Net income for the quarter ended September 30, 1998 increased by $104,000 or
5.6% to $2.0 million from $1.8 million for the comparative 1997 period. Net
interest income increased by $478,000 or 11.7% to $4.6 million for the three
months ended September 30, 1998 from $4.1 million for the three months ended
September 30, 1997. Offsetting this increase were increases in income taxes of
$173,000 and general and administrative expenses of $172,000.

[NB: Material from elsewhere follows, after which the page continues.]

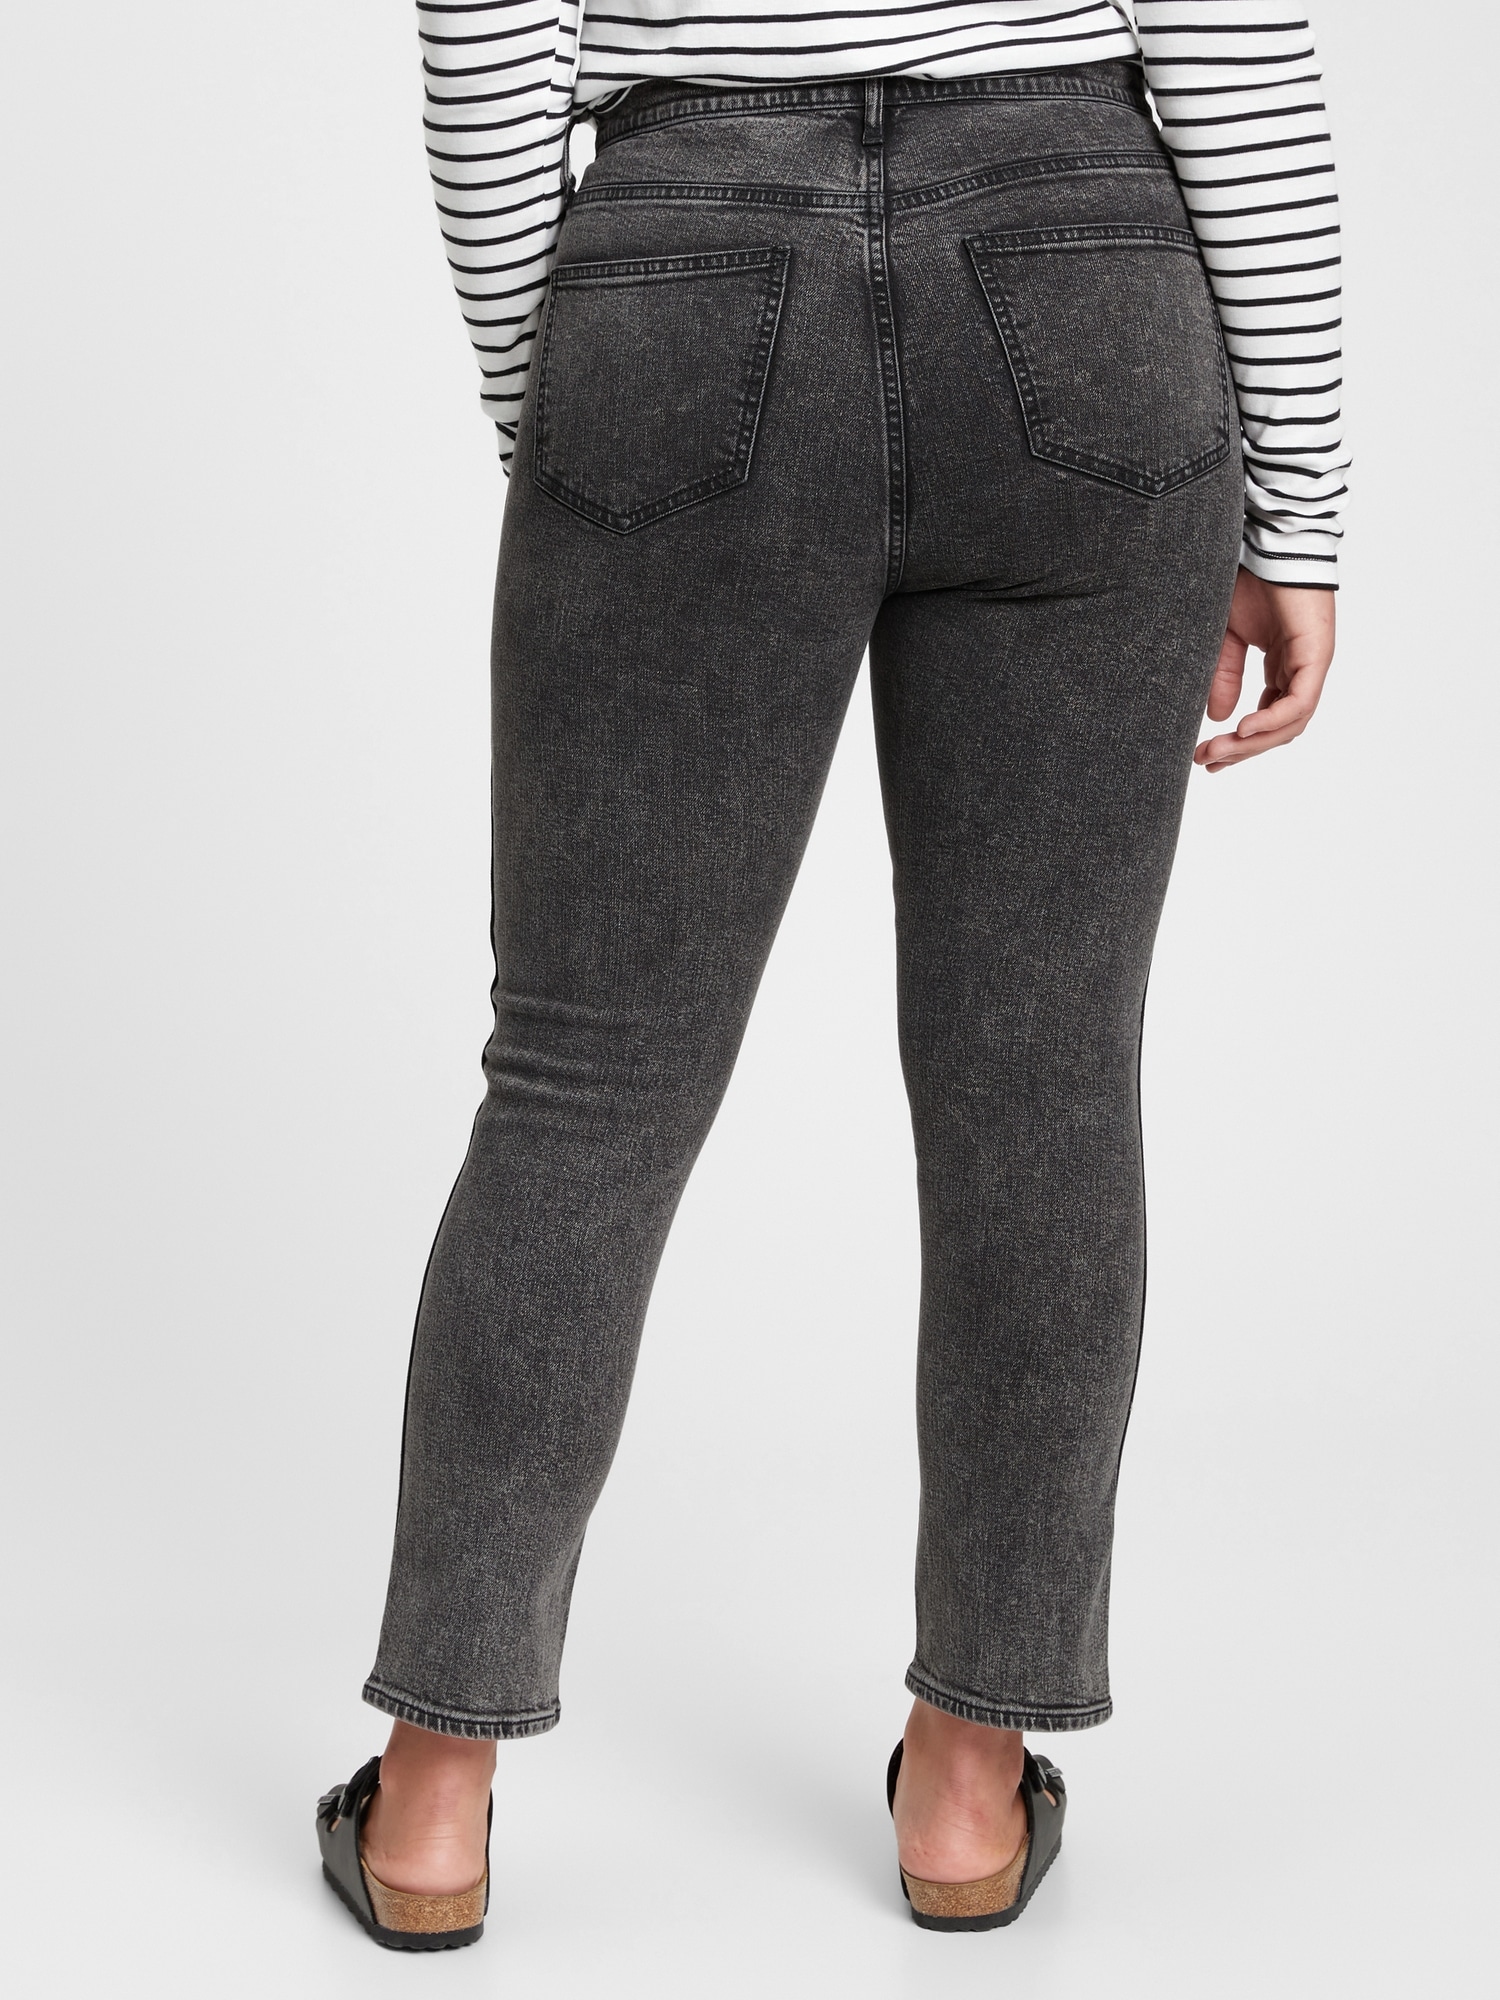 High Rise Vintage Slim Jeans With Washwell | Gap Factory

Interest Income. Interest income discussed in this section is the tax
equivalent interest income. Tax equivalent interest income is being used
because interest on investment securities include tax-exempt securities. Tax-
exempt securities carry pre-tax yields lower than comparable taxable assets.
Therefore, it is more meaningful to analyze interest income on a tax-equivalent
basis. A tax equivalent increase of $644,000 has been made to interest on
investment securities for the nine months ended September 30, 1998. The Company
had no tax-exempt securities in 1997. Tax equivalent interest income for the
nine months ended September 30, 1998 increased by $338,000 or 1.0% to $37.5
million from $37.2 million for the comparative 1997 period. The increase was the
result of a rise in interest earned on investment securities , conventional
mortgage loans, federal funds sold and FHLB stock offset by a decline in
interest earned on mortgage-backed securities and interest bearing deposits.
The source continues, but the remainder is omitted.